Скрипнув каблуками, она резко развернулась и легко побежала вверх по лестнице.
- И высоты будут им страшны, и на дороге ужасы; и зацветет миндаль; и отяжелеет кузнечик... Господи, какой к хренам кузнечик! - простонал Байрон.
Из темноты выплыла с подносом Нила. Молча расставила тарелки, кувшин, салфетки и стакан на столике.
- Слыхала? - спросил Байрон. - Я ей про Фому, а она мне про Ерему!
- Был Ерема, сынок, был. Чужой человек. Не могу на Библии поклясться, но спала она не одна. И не с Оливкой.
"Вот кто все знает, - со странным весельем подумал Байрон, наливая в стакан душистого самогона. - Наверняка и про меня с Оливией. А может, и про Диану? Ну это - вряд ли".

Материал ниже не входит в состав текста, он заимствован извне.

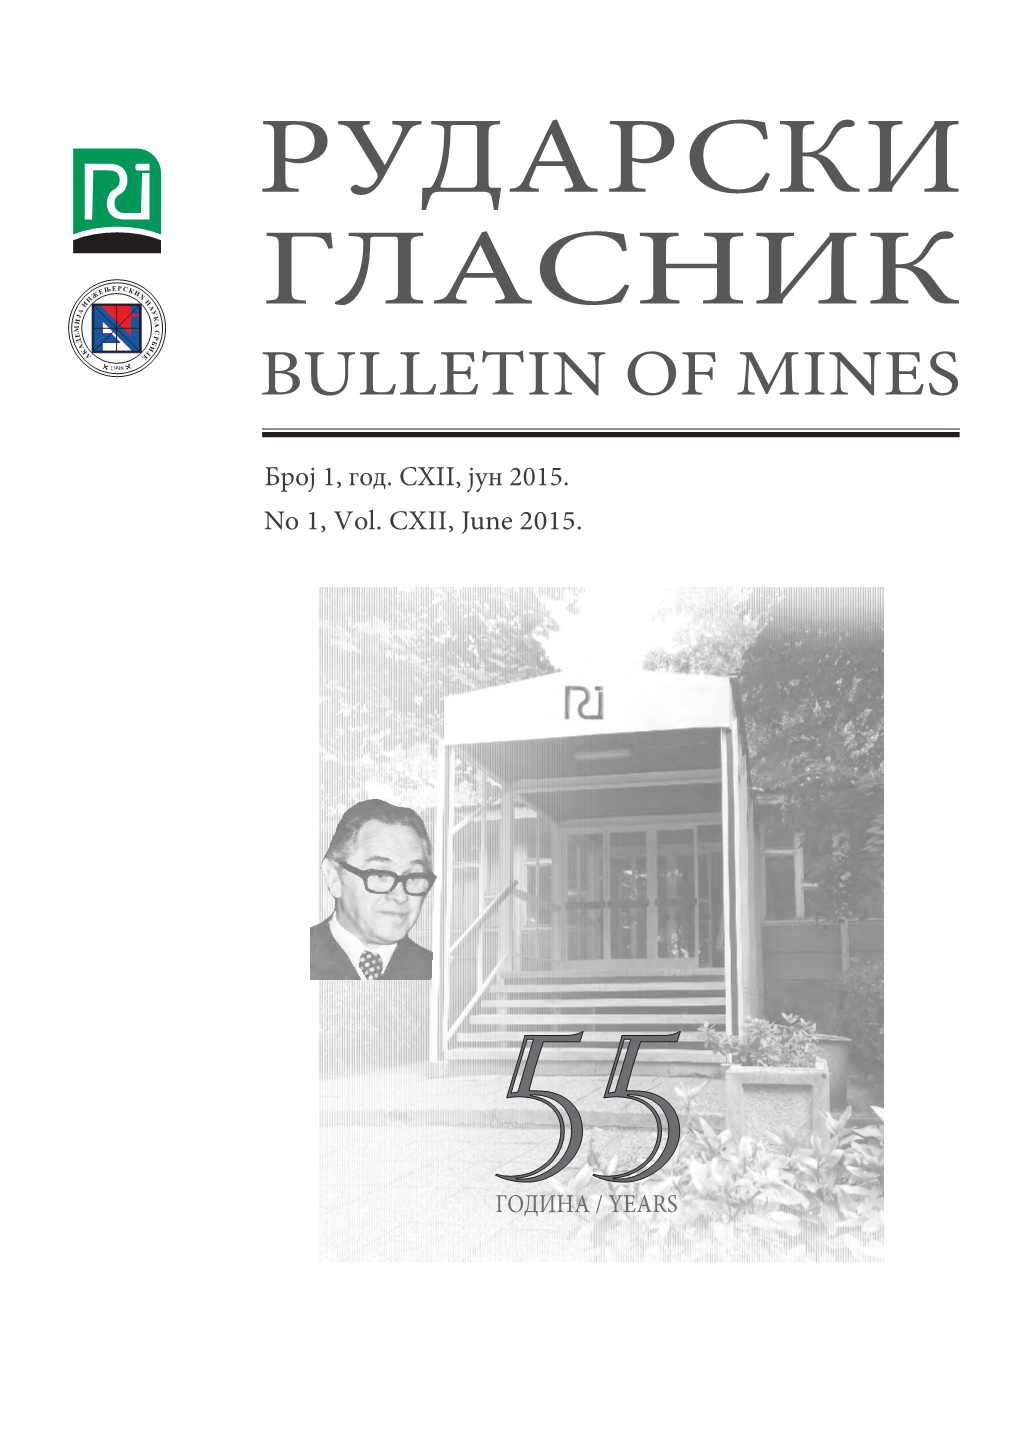 Рударски Гласник Bulletin of Mines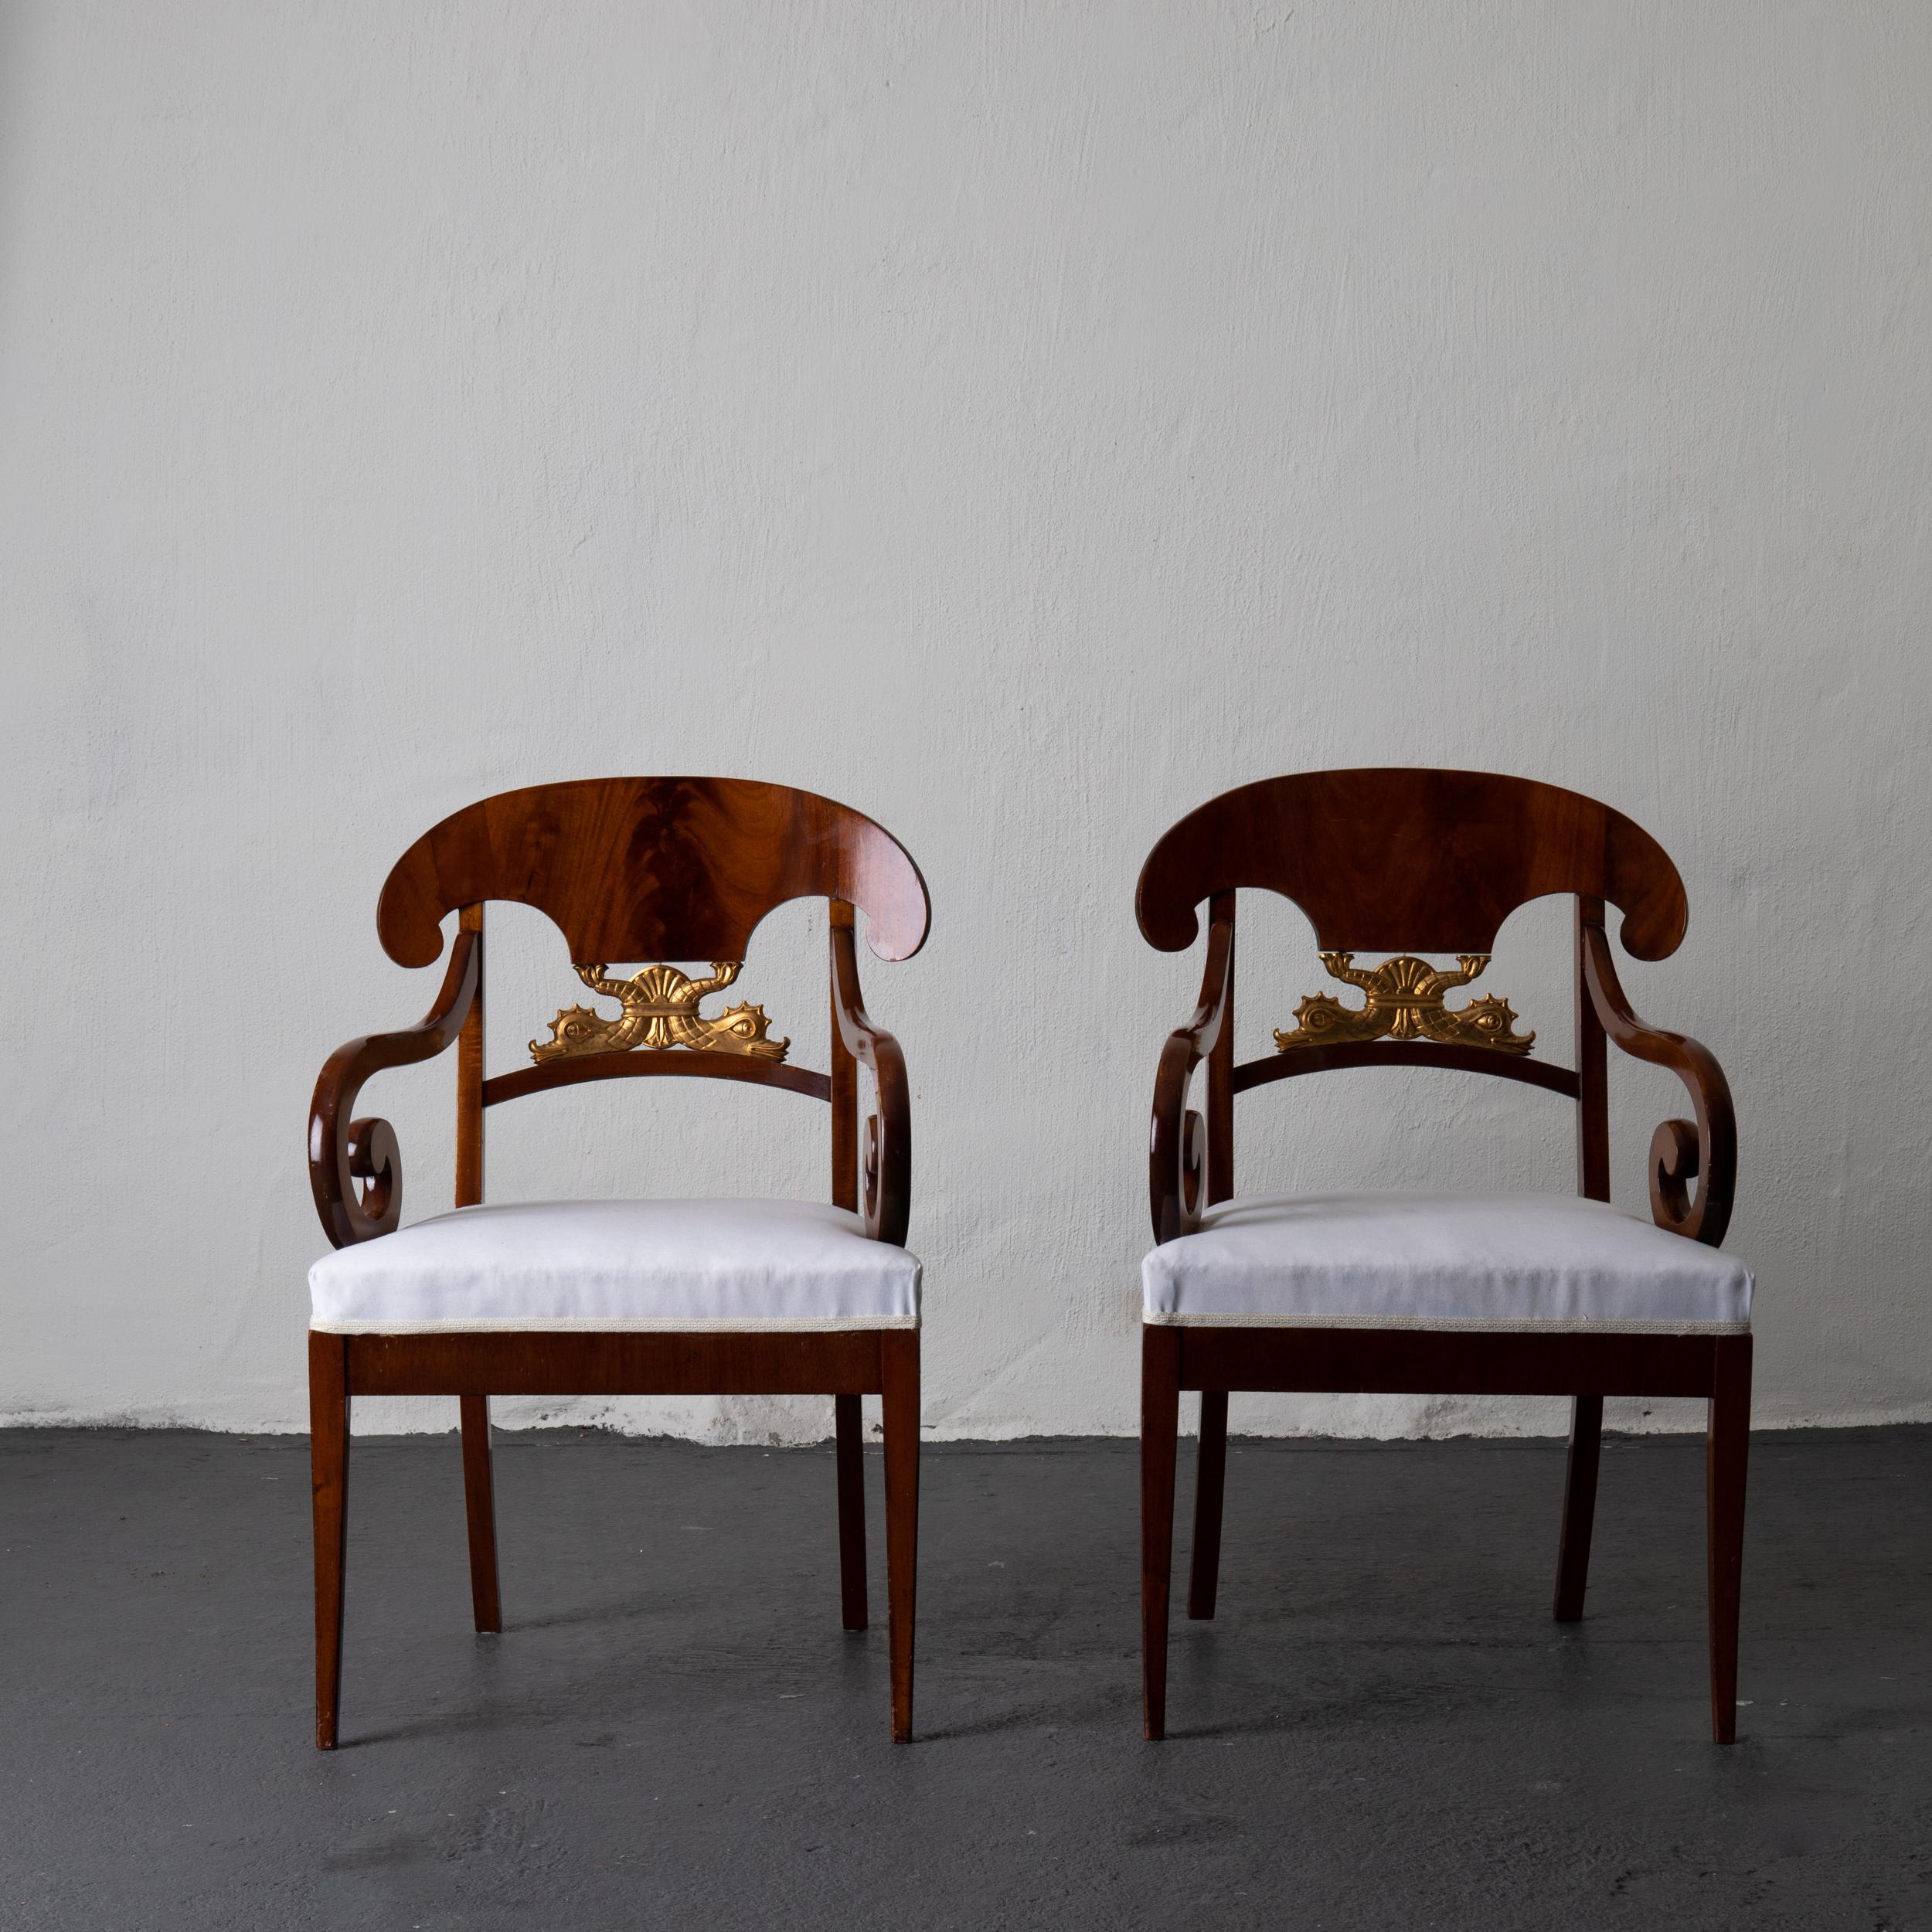 Une paire de fauteuils fabriqués pendant la période Empire / Karl Johan en Suède 1810-1830. Plaqué dans un bel acajou brun foncé et décoré de deux dauphins dorés. Pattes arrière en sabre et pattes avant droites. Tapissé d'un tissu en coton

- В нижней душевой он среди ночи мылся, - шепотом продолжала Нила. - А кто - не разглядела.
- Звонарев? Виктор этот?
- Не знаю. Мелькнул - и пропал. А голые со спины все на одну жопу.
- Почему же следователю не сказала? Ведь, может, эта жопа и убила деда. А пока все валят на меня. Понимаешь?
- Не сказала - и не сказала. Позор-то на семью навлекать... Кто я тут такая? Приживалка, да еще, может, из ума выжившая. А ты мужчина, сам прокурором был - отобьешься. Бог не выдаст.
- Значит, свинья съест. А в какое время ты его видела?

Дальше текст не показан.